A&A: How does the CPRA deal with emails between elected officials

Q: Can email sent by a California Special District elected official to other directors or the district office concerning district business be subject to examination using the Public Records Act? Would it make a difference if he used his personal computer to send an email to another elected official?

A: Under California’s Public Records Act, “any writing containing information relating to the conduct of the public’s business prepared, owned, used, or retained by any state or local agency regardless of physical form or characteristics” is a public record and must be disclosed to the public upon request unless a provision of the PRA exempts it from disclosure. Gov’t Code Section 6252-6253.

The term “writing” includes e-mail. Gov’t Code Section 6252(g) (defining “public records” to include emails). A special district would be considered a “local agency.” Therefore, emails sent from one district official to officials in other districts, that concern the public’s business, and that are retained in electronic or paper form, must be disclosed (unless some exemption applies).

If the elected official here was using his personal computer to send emails on his government-issued email account, it probably would not matter on which computer the email was actually generated, since he is still using his government-issued email account to discuss the public’s business.

Even if he were using his personal email account on his home computer, and was sending messages relating to the conduct of the public’s business, there would seem to be a strong argument that those messages should be public. Otherwise, important government business could be conducted in secret.

How a court might decide the question is not certain, however, and would depend in part on the facts of the particular case.

In January 2007, a newspaper in Tracy, California, requested communications between city officials and the Lawrence Livermore National Laboratory.

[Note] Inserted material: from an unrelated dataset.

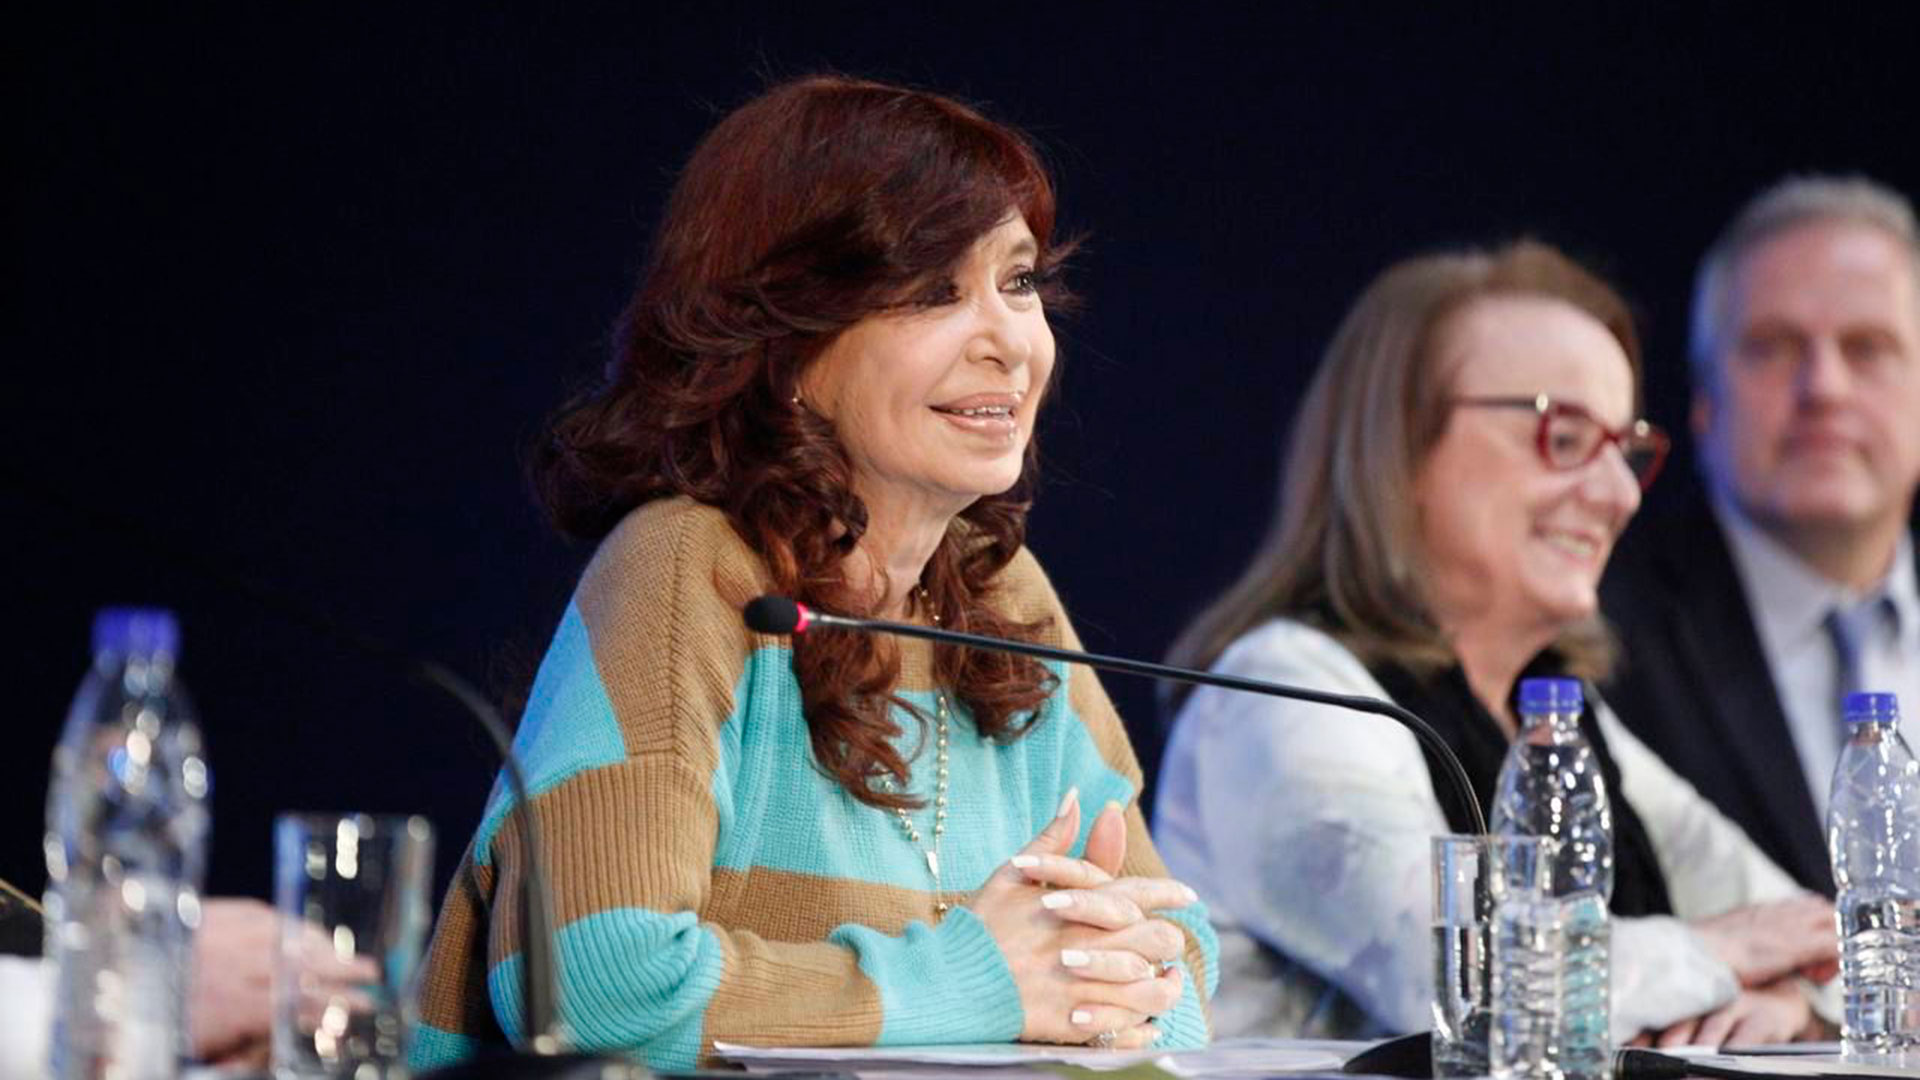 Cristina Kirchner in El Calafate

Although the city produced certain e-mails, it did not produce e-mails between a city councilwoman from her personal e-mail account and the lab.

After the newspaper sued for the release of the e-mails, the trial court decided that the councilwoman was not a “local agency” subject to the PRA and that the writings of an individual council member that were not prepared, owned, used, or retained by the city were not “public records” subject to the PRA. Tracy Press, Inc. v. Superior Court, 164 Cal. App. 4th 1290, 1294 (2008) (dismissing on procedural grounds the newspaper’s attempt to have appellate court overturn the trial court’s decision).

The Court of Appeal said that “[i]f [the councilwoman] had e-mailed from the City’s offices, discussing City business, it is undeniable that the records would be ‘public records’ that must be produced. But this proceeding presents a novel and important issue: whether personal e-mails sent without using the City’s resources but discussing the City’s business are ‘public records.'” Id. at 1300.

Unfortunately, the Court of Appeal disposed of the case on procedural grounds and never reached the substantive issue.

Holme Roberts & Owen LLP is general counsel for the First Amendment Coalition and responds to FAC hotline inquiries. In responding to these inquiries, we can give general information regarding open government and speech issues but cannot provide specific legal advice or representation.